_DATA PROVIDED_
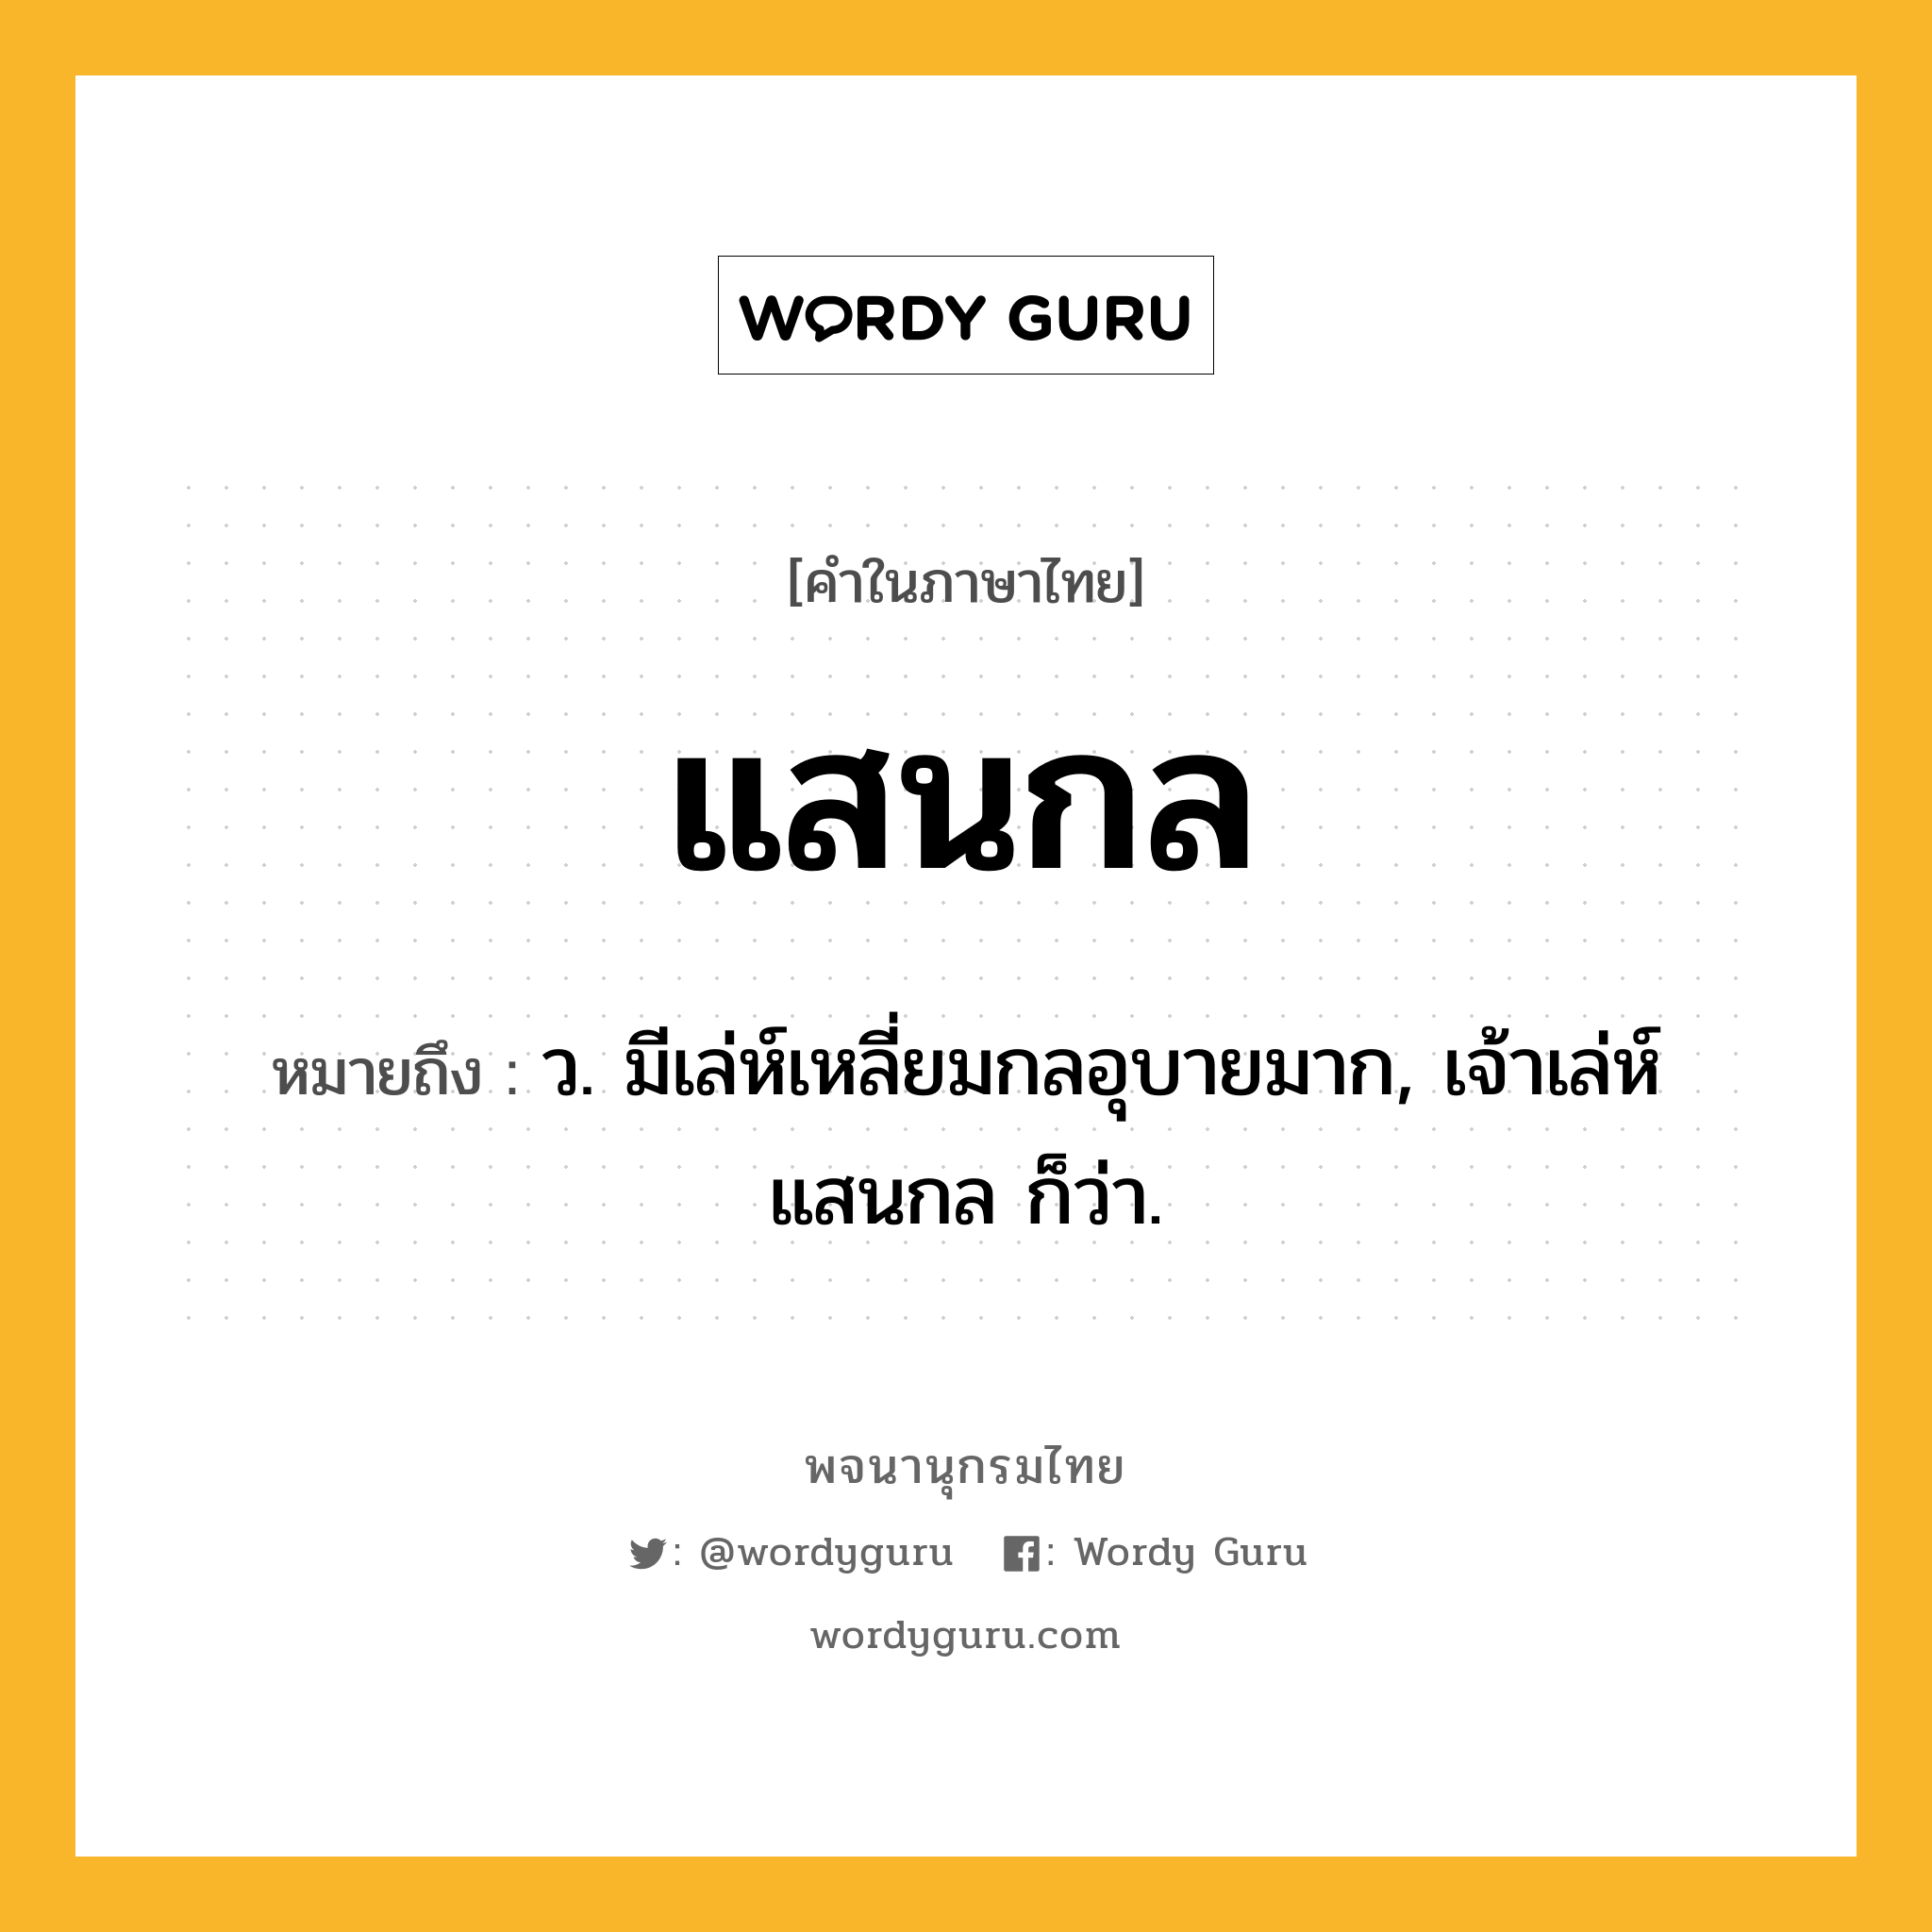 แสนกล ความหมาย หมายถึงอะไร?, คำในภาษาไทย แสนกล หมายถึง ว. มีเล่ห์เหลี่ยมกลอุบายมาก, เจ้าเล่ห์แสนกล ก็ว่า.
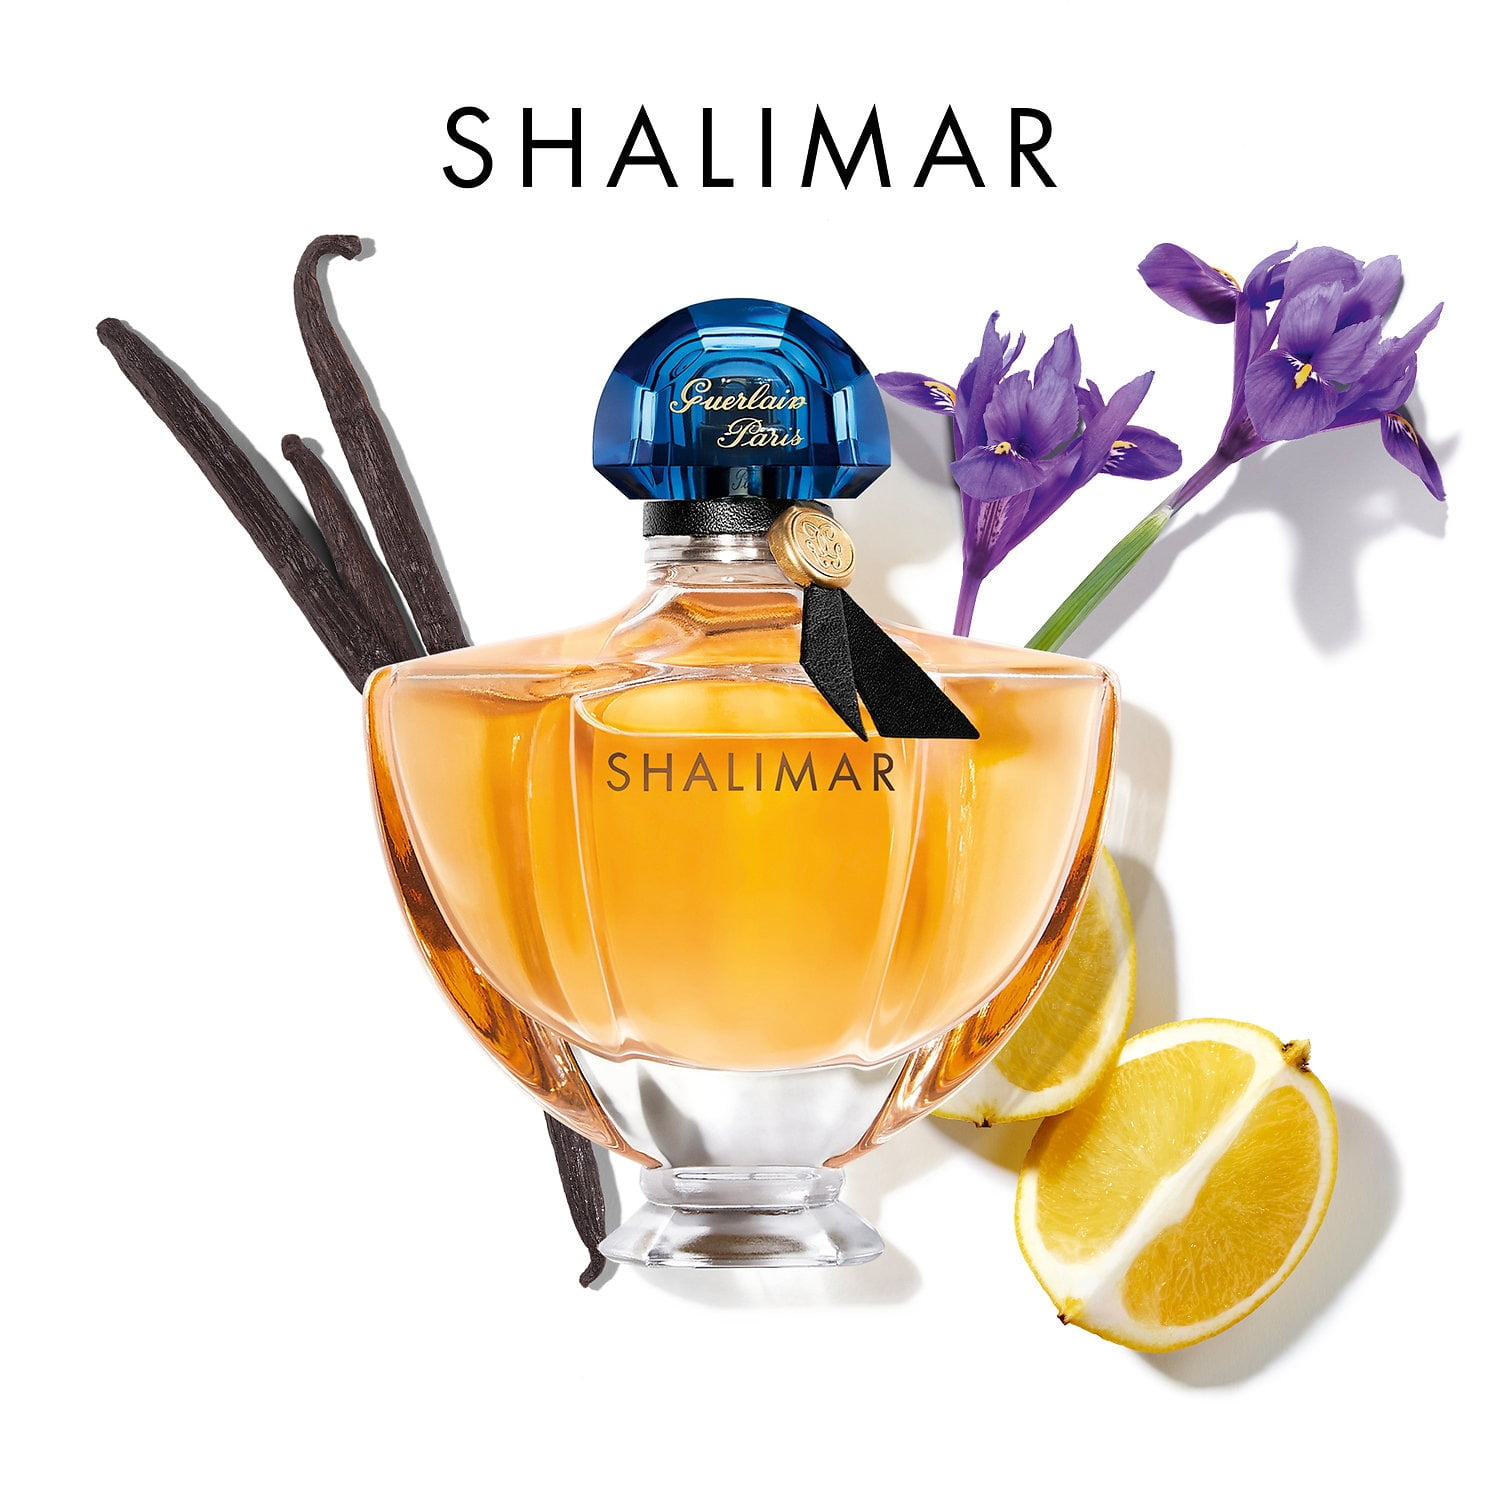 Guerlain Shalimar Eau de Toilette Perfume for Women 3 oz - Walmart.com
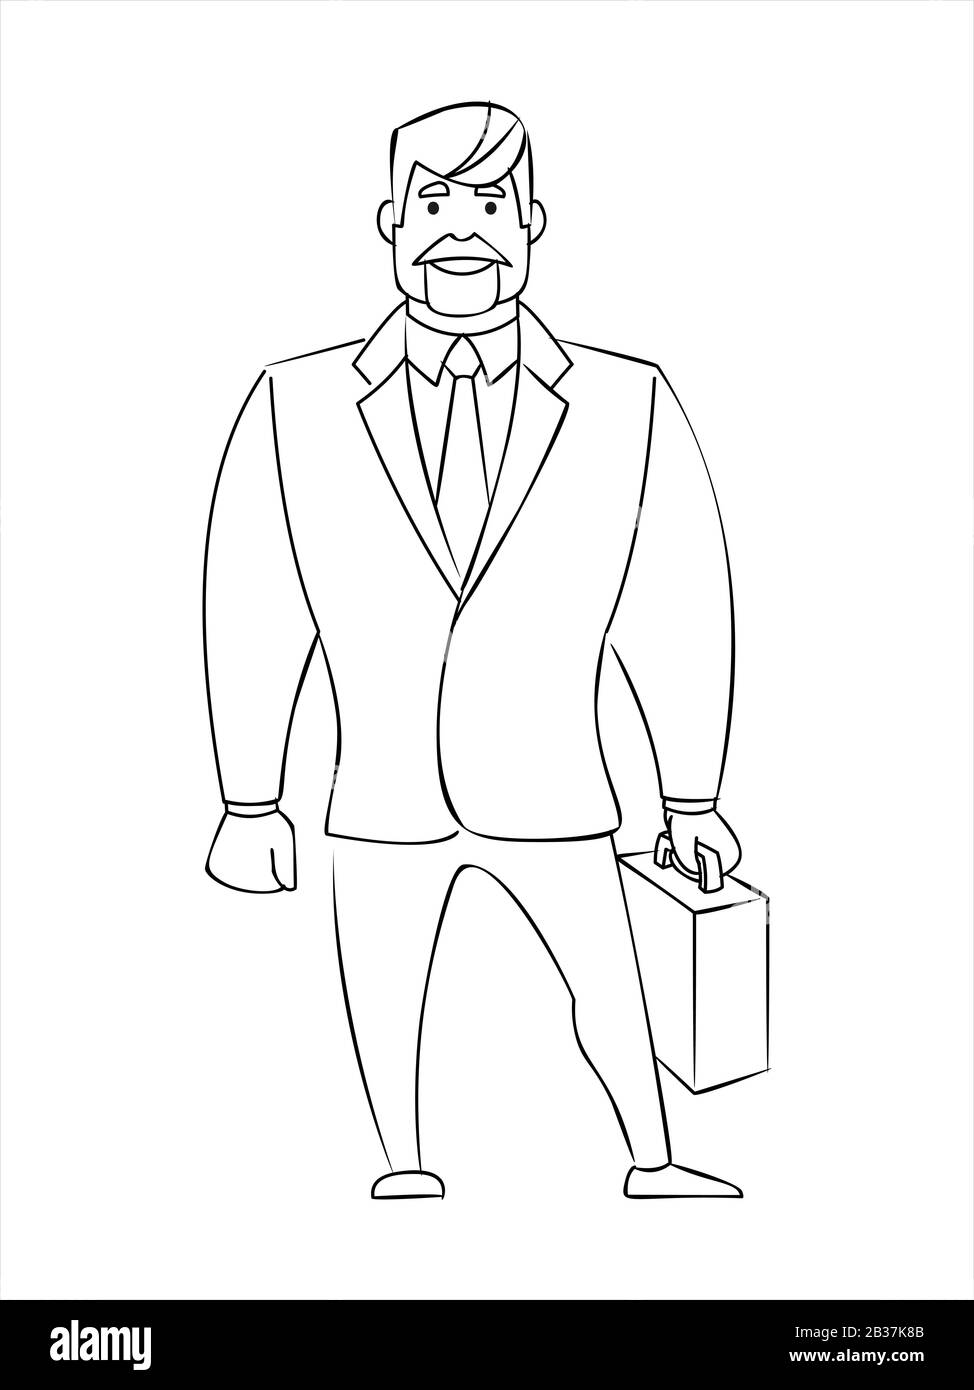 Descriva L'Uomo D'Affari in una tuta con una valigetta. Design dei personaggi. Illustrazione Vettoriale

_PROMPT_
Every line of the material above should be repeated exactly, except for the pictures.

_WRITTEN ANSWER_
 แสนกล ความหมาย หมายถึงอะไร?, คำในภาษาไทย แสนกล หมายถึง ว. มีเล่ห์เหลี่ยมกลอุบายมาก, เจ้าเล่ห์แสนกล ก็ว่า.
 Guerlain Shalimar Eau de Toilette Perfume for Women 3 oz - Walmart.com
 Descriva L'Uomo D'Affari in una tuta con una valigetta. Design dei personaggi. Illustrazione Vettoriale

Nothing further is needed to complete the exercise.